If you don’t remember what downtown Dallas was like before its parks revolution, it’s hard to imagine now. And it’s worth keeping in mind that this change has happened with extraordinary speed in the glacial world of public infrastructure.
On Tuesday morning, the tangled braid of roads leading into the east side of downtown was gone. In its place is Carpenter Park, our newest and largest downtown park, a beautiful space, both serene and active, that is an invitation into the central city, a place worthy of the skyline that rises around it and of the iconic sculpture, Portal Park Slice, repositioned as its anchor.
Dirt has been turning for a little more than a decade to build our downtown parks, and what has been accomplished in so little time is remarkable. It seemed to take “a nanosecond,” as Mary Margaret Jones, the landscape architect responsible for envisioning the downtown parks, said Tuesday.
In truth, some two decades of vision, planning and work have gone into the realization of the downtown parks master plan. Robert Decherd, founder and chairman of Parks for Downtown Dallas and chairman, president and chief executive of DallasNews Corporation, has led this transformational change in concert with many partners, public and private.
On Tuesday, Decherd joined Mayor Eric Johnson and the family of John Carpenter, who gave generously to construct this gift to the city. It was the latest, but not the last, opening ceremony for Parks for Downtown Dallas, which has given the city Civic Garden, West End Square and Pacific Plaza.
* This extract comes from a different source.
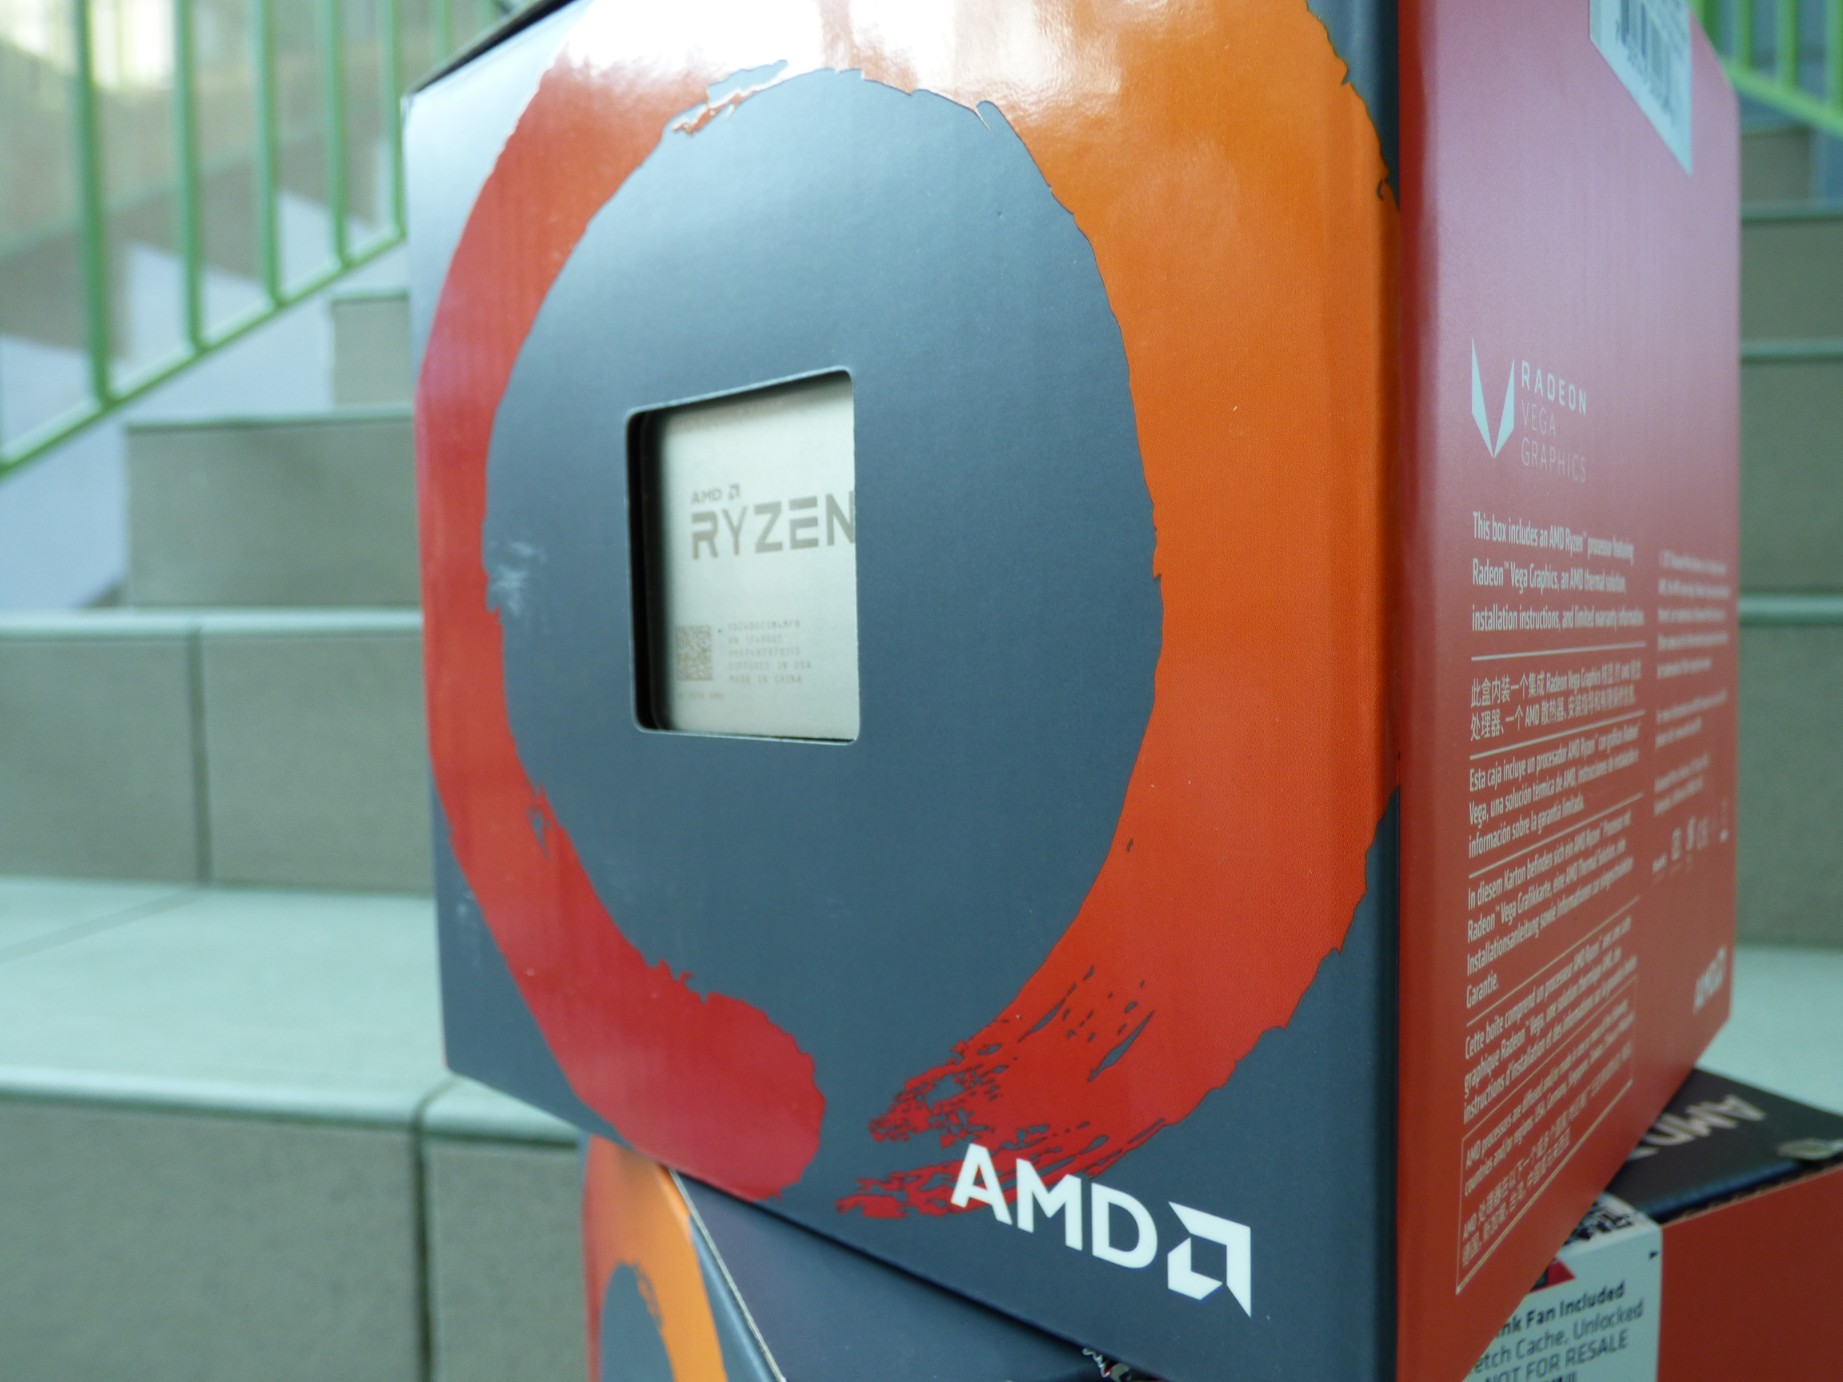 Testujemy AMD Ryzen z grafiką Radeon Vega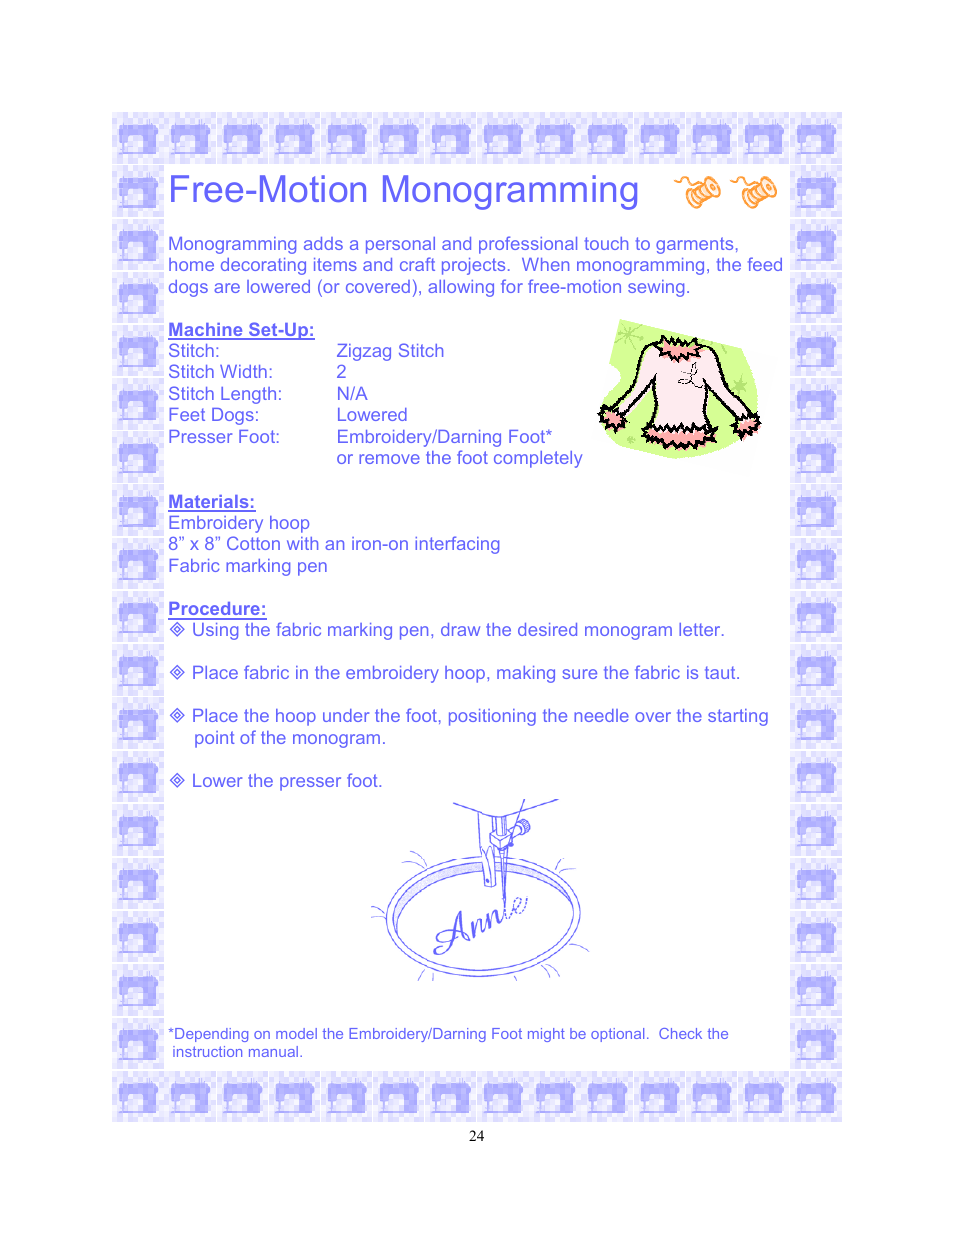 Free-motion monogramming | SINGER 6550-WORKBOOK Scholastic User Manual | Page 28 / 59

Harwood Park, its final work under the downtown parks master plan, is under construction and is scheduled to open in spring 2023.
At nearly six acres, Carpenter Park redefines the eastern edge of downtown and its connection to Deep Ellum. It also alters for the better the connection between the city and the people who live in it.
The old park was a statement of the primacy of the roads that got people into and out of downtown. The new park is an embrace of the people who are downtown, who enjoy the city in both its movement and its stillness.
Parks are, as Mayor Johnson said Tuesday, critical infrastructure. They are as integral to the fullness of our lives as the roads that carry us here and there. They are fulfilling and completing.
Downtown Dallas is home now to major parks thanks to a private and public commitment to the master plan that conceived of a radically different city core where beautiful public spaces, rather than towering private buildings, are the center of gravity.
That change will ensure that downtown Dallas endures for generations as a place not only of commerce but also of life.